A vague sense of the clearness to which his affairs had been brought, a vague recollection of the friendliness and flattery of Serpukhovskoy, who had considered him a man who was needed, and, most of all, the anticipation of the meeting before him - all blended into a general, joyous sense of life. This feeling was so strong that he could not help smiling. He dropped his legs, crossed one leg over the other knee, and, taking it in his hand, felt the springy muscle of the calf, where it had been grazed the day before by his fall, and, leaning back he drew several deep breaths.

`I'm happy, very happy!' he said to himself. He had often before had this sense of physical joy in his own body, but he had never felt so fond of himself, of his own body, as at that moment. He enjoyed the slight ache in his strong leg, he enjoyed the muscular sensation of movement in his chest as he breathed. The bright, cold August day, which had made Anna feel so hopeless, seemed to him keenly stimulating, and refreshed his face and neck that still tingled from the cold water. The scent of brilliantine on his mustaches struck him as particularly pleasant in the fresh air.

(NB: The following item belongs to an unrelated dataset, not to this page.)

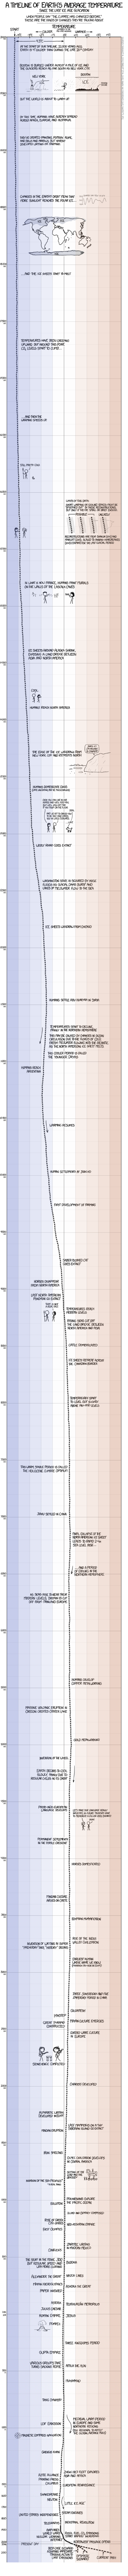 Earth Temperature Timeline meme by XKCD showing a timeline of earth's average temperature from 20 000 BC to today 
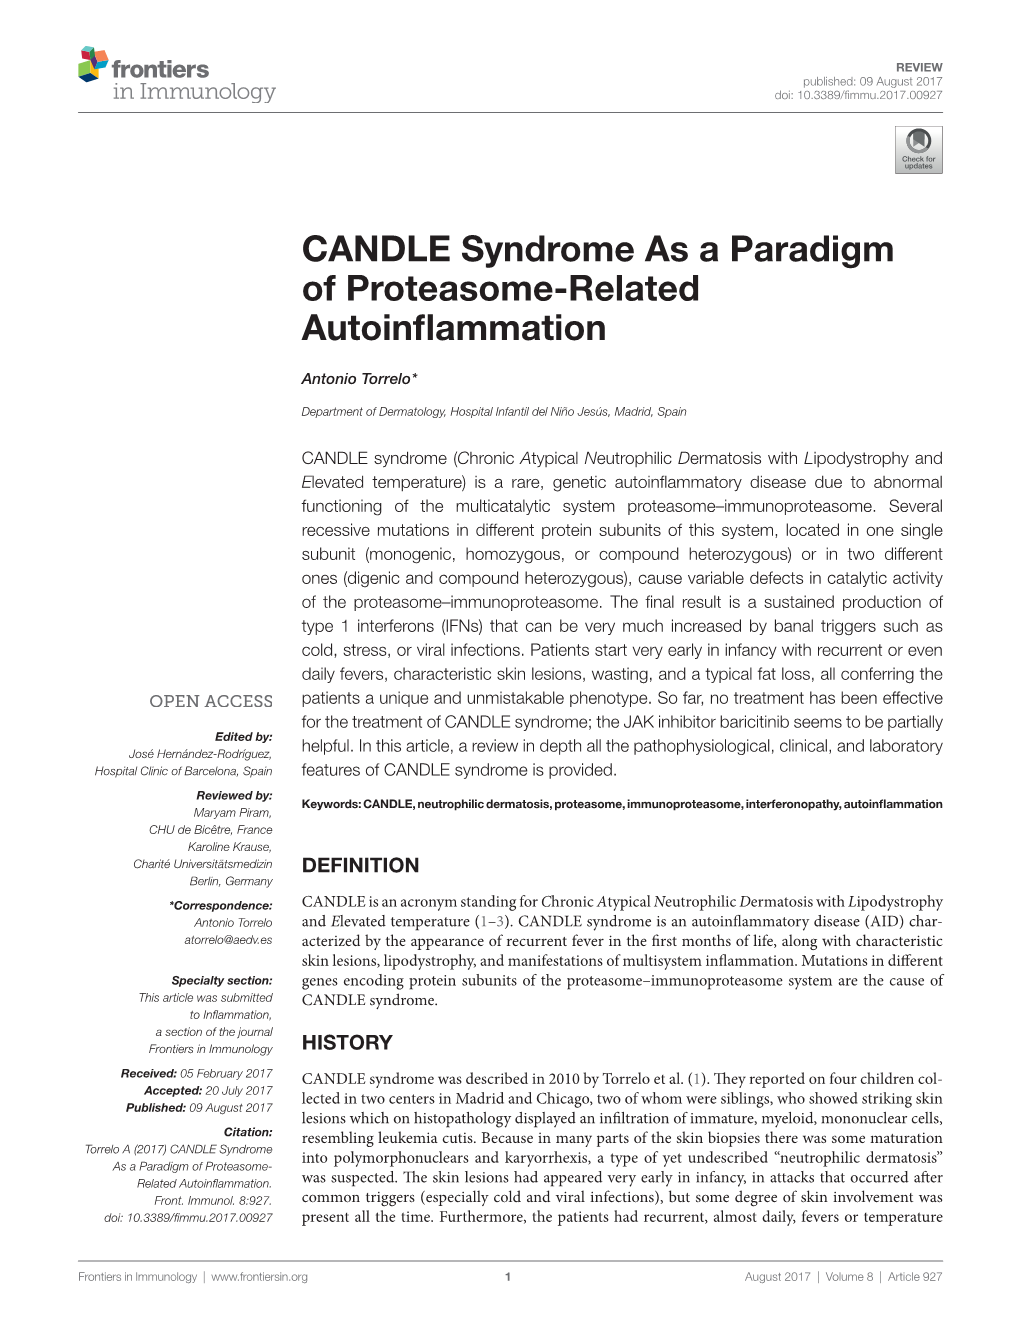 Candle Syndrome As a Paradigm of Proteasome-Related Autoinflammation

Everything he saw from the carriage window, everything in that cold pure air, in the pale light of the sunset, was as fresh, and gay, and strong as he was himself: the roofs of the houses shining in the rays of the setting sun, the sharp outlines of fences and angles of buildings, the figures of passers-by and carriages that met him now and then, the motionless green of the trees and grass, the fields with evenly drawn furrows of potatoes, and the slanting shadows that fell from the houses, and trees, and bushes, and even from the rows of potatoes - everything was bright like a pretty landscape freshly painted and varnished.

`Get on, get on!' he said to the driver, putting his head out of the window, and pulling a three-rouble note out of his pocket he handed it to the man as he looked round. The driver's hand fumbled with something at the lamp, the whip cracked, and the coach rolled rapidly along the smooth highroad.